Artista e cantor baiano Edy Star - Júlia Rodrigues/UOL
Artista e cantor baiano Edy Star
Imagem: Júlia Rodrigues/UOL
Tiago Dias, Do TAB e em São Paulo

15/10/2022 04h00

Em 1973, a dupla Erasmo e Roberto Carlos compôs uma canção que seus fãs, naquele início de reinado romântico nas FMs, nem chegaram a conhecer. O rock chamado "Claustrofobia" iniciava com um pedido: "E dou vexame porque preciso de espaço. Quero respirar senão acabo no bagaço, atravessando o compasso".

Os versos davam voz a alguém que clamava por espaço, "senão eu grito", repetia no fim do refrão. Nem Erasmo, nem Roberto chegaram a gravar. A música foi feita a pedido de um artista baiano em ascensão no teatro musical: Edy Star.

Artista plástico e um dos performers mais quentes da noite carioca nos anos 1970, Edy estava prestes a gravar seu primeiro disco solo, "Sweet Edy", e pedia canções para conhecidos. Entre eles, o amigo de adolescência de Salvador, Gilberto Gil, que assim definia o amigo: "uma bicha baiana maravilhosa".

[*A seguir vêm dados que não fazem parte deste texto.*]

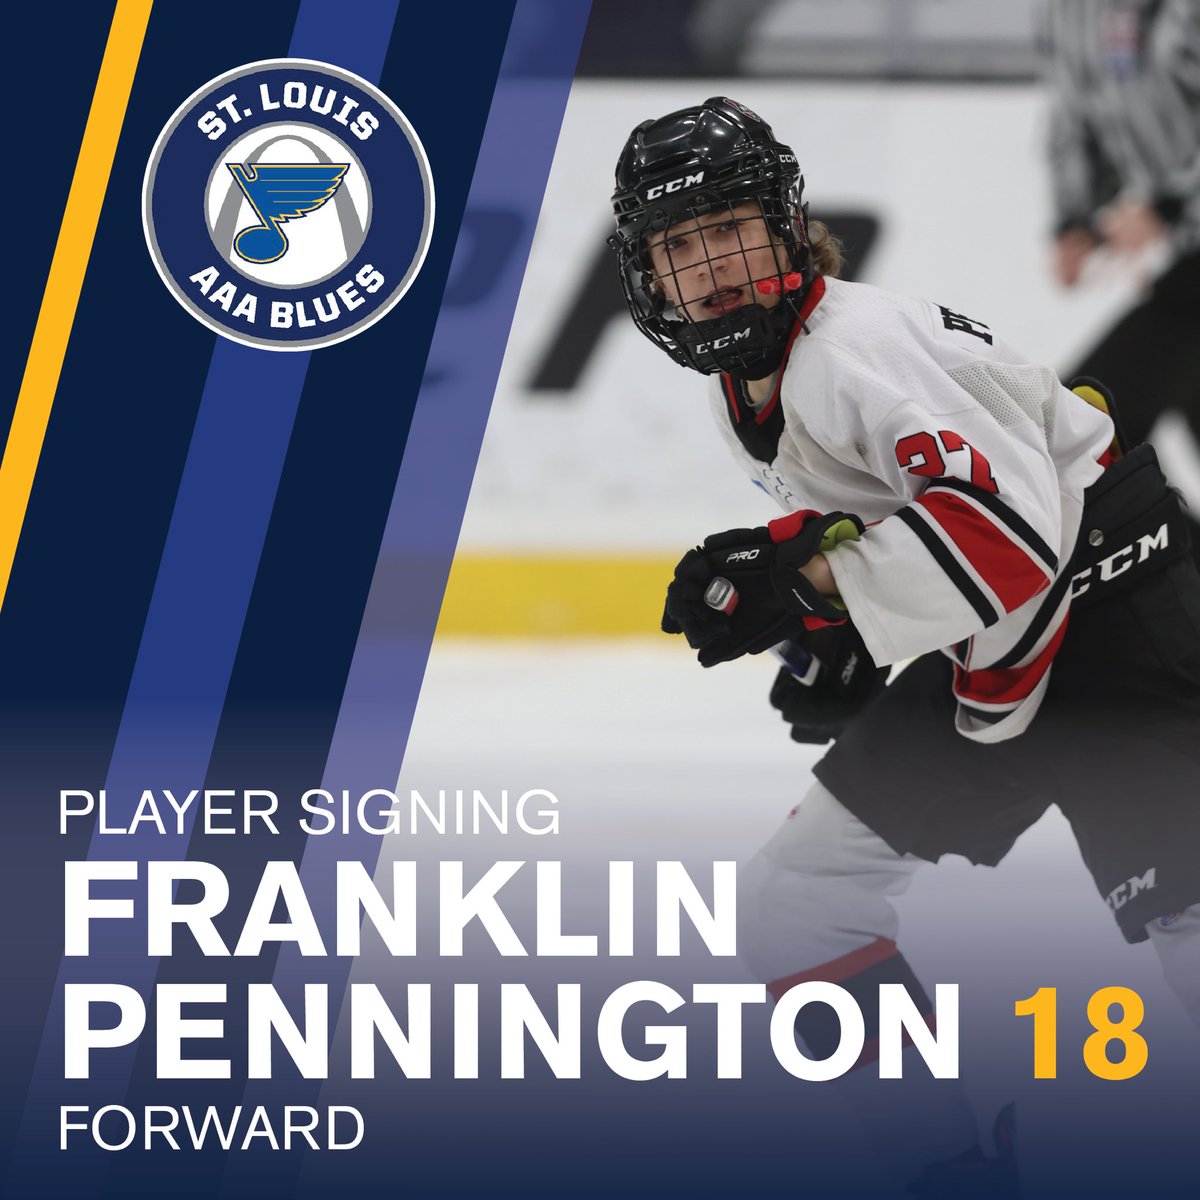 2023-24 Player Signing Announcement: We are excited to welcome Franklin Pennington to the team.  Franklin joins us for his first season with the @AAABlues #BantamMinor #AAAHockey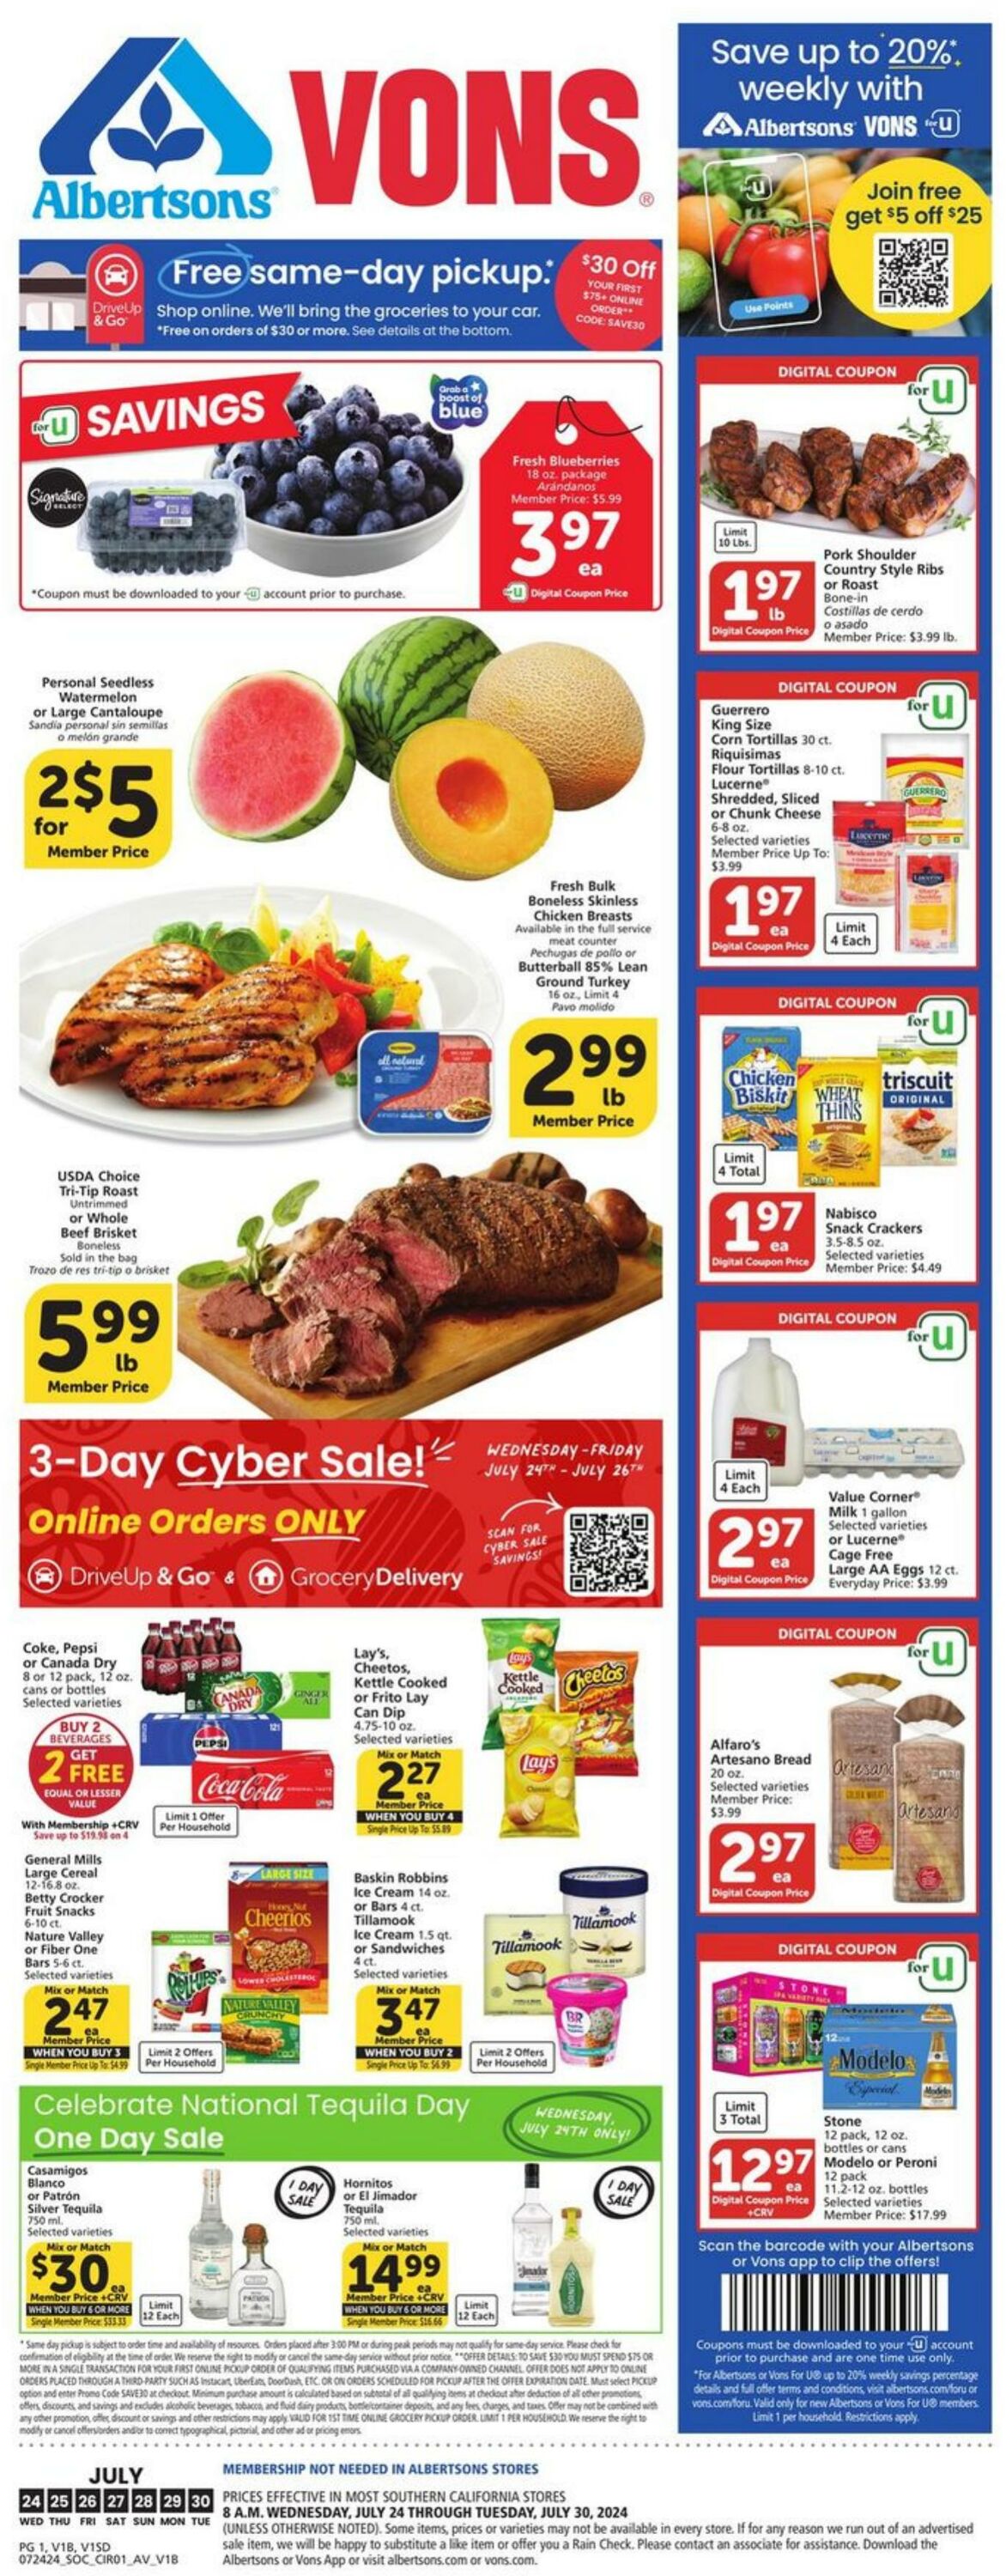 Vons Promotional weekly ads

A música dos reis da Jovem Guarda era metáfora numa época em que a comunidade LGBTQIA+ sequer conseguia se identificar por letras, mas tinha como habitat um armário bem trancado. Não era o caso de Edy, que protagonizaria, dois anos depois, a adaptação brasileira do musical "Rocky Horror Show", vestido de biquíni e espartilho no palco.

A censura, claro, ficou em cima o tempo todo. Nas fotos de divulgação, Edy aparecia apenas de macacão e a música principal do espetáculo, "Sweet Transvestite", foi vetada por trazer a palavra "travesti". Ainda assim, ele lembra bem a sensação de liberdade que corria na cena carioca, do Teatro Rival às boates da Praça Mauá. Ali, ele era o rei da noite. "Tinha strip-tease, nu frontal, show lésbico, um anão nu que corria pelo palco", diz. "Tudo que a censura proibia, a gente tinha."

A três meses de completar 85 anos, Edy mantém os cabelos compridos e a cabeça fervilhante de histórias, que relembra com rompantes de deboche e gargalhadas altas. Se, no decorrer do tempo, seus amigos e conhecidos atingiram as alturas, Edy se tornou uma figura cult: participou de filmes, dirigiu peças, foi dono de puteiro em Madri e é celebrado até hoje pela parceria com Raul Seixas no álbum coletivo "Sociedade da Grã-Ordem Kavernista apresenta Sessão das 10" (1971), objeto de culto e item valioso entre colecionadores.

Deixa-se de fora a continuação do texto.